Stephen nodded slightly, again. "I don't. I don't... like the idea of giving her some kind of medication that may or may not hurt her, that may or may not have been thoroughly tested, for a symptom of ... of autism," he hadn't said the word very often and still wasn't sure he could. "That she may or may not have. It's all so uncertain. So much of it is guesswork." And his voice slid into the pleading tones, as though Max could make it all better himself or knew someone who could make it better. Was a week, maybe ten days really long enough to get used to the idea that his child had a-- had a disorder that she would have the rest of her life, that would make her life even harder than it was going to be already? Never mind his position, Solace's family, the expectations that came with being both a de la Marck and a DuMorne, even a fourth child and a girl, the expectations and scrutiny alone...

"Stephen."

"Mm?"

Max smiled, squeezing his shoulder. "You're thinking again. Stoppit."

"Sorry," he laughed slightly, shook his head. Wondered for a split second if his daughter would ever be able to hear his laughter like Max did, have this kind of conversation with someone. Anyone. "I was just... thinking of how hard she's going to have it, perhaps." He turned his head and looked out over the green. "We haven't told Solace's parents yet."

Stephen's father, of course, didn't matter, and his mother was dead. No one cared what Charles de la Marck thought, though. "When are you going to tell them?"

"Soon?" He sighed. "When we can both be there. I don't know how that will go over, I don't know precisely what Warden DuMorne's expectations were of us..." He still wasn't sure how DuMorne would react upon learning of their arrangement. If he didn't already know.

Truth be told, the older man very much intimidated him, partly because of who he was and partly because he was a father in law who truly deserved respect and honor. And Stephen sometimes wondered if he lived up to Warden DuMorne's idea of a good husband to his Solace. Wizard DuMorne, his mother in law, at least, was a good deal easier to relax around.

He shook his head, fingers pressing and rubbing into his temples a bit before walking on.
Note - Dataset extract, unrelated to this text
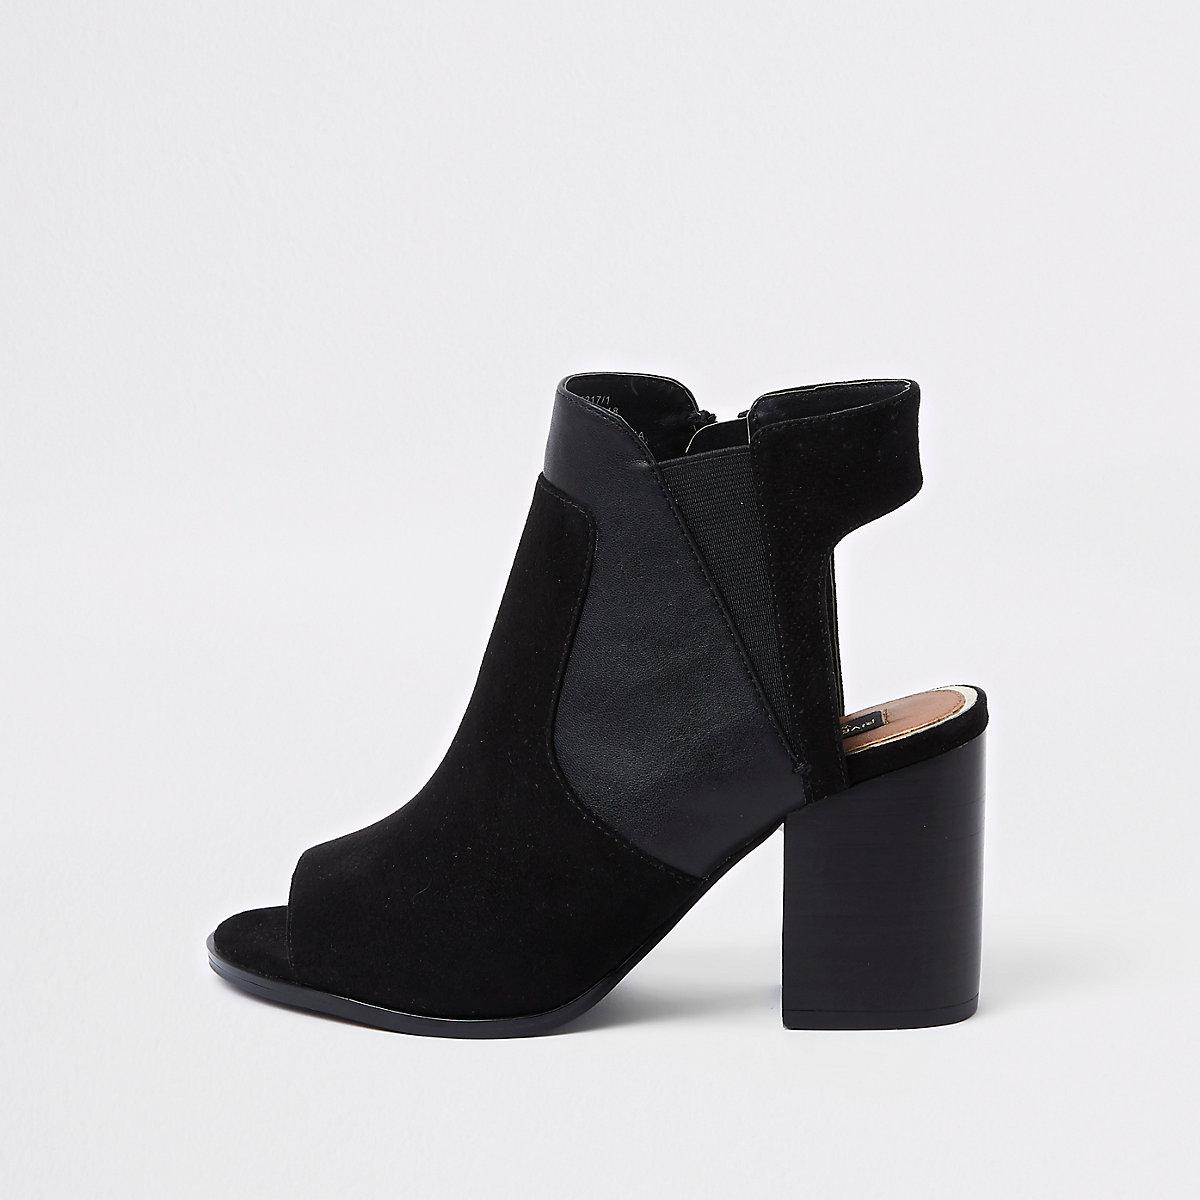 a1e2ab753e Black wide fit block heel shoe boots - Shoes - Shoes & Boots - women

Max took his arm with a proprietary sort of care-taking and giving comfort. "I don't know. We do need to, as we look for... for treatment. Discuss what's to be done."

"Maybe wait till Healer DuMorne is at home, then you can discuss it all together." Max's hand rubbed along the inside of Stephen's forearm, soothing. Their steps matched, boot heels clacking in muffled rhythm along the marble and granite.

Maybe that was the best plan, a good idea. His sister-in-law was a healer, Solace was close to her brother, between the three, four of them? They could shift the conversation away from any stigma that might attach to the... autism, and over to what they could do about it. That was what he needed to do, wasn't it? Move away from the fear and worry and upset and to what they could do about it, how best to take care of his little girl. That was what it was always about. Always had been.

Which reminded him, too. "Maybe. But Solace and I will have to talk to the children, first. About what this means for us, as a family. Tonight?" He glanced at Max, for Max was a part of this family, too. Max and Dia and all the little ones. A family conference. "If I call Solace, I think we can all be ready..."

Max nodded. "Tonight works. Family meeting?"

"Family meeting." Stephen smiled a little more, the weight in his mind and the heat behind his eyes that had been threatening to prickle into full-on tears or something at least, gone. The exhaustion, mostly gone. It wasn't the end of the world. It wasn't even ... it just was what it was. There were doctors, therapists. There were answers and things to try, and Stella was their daughter, first and foremost. She had her family to support her, and always would.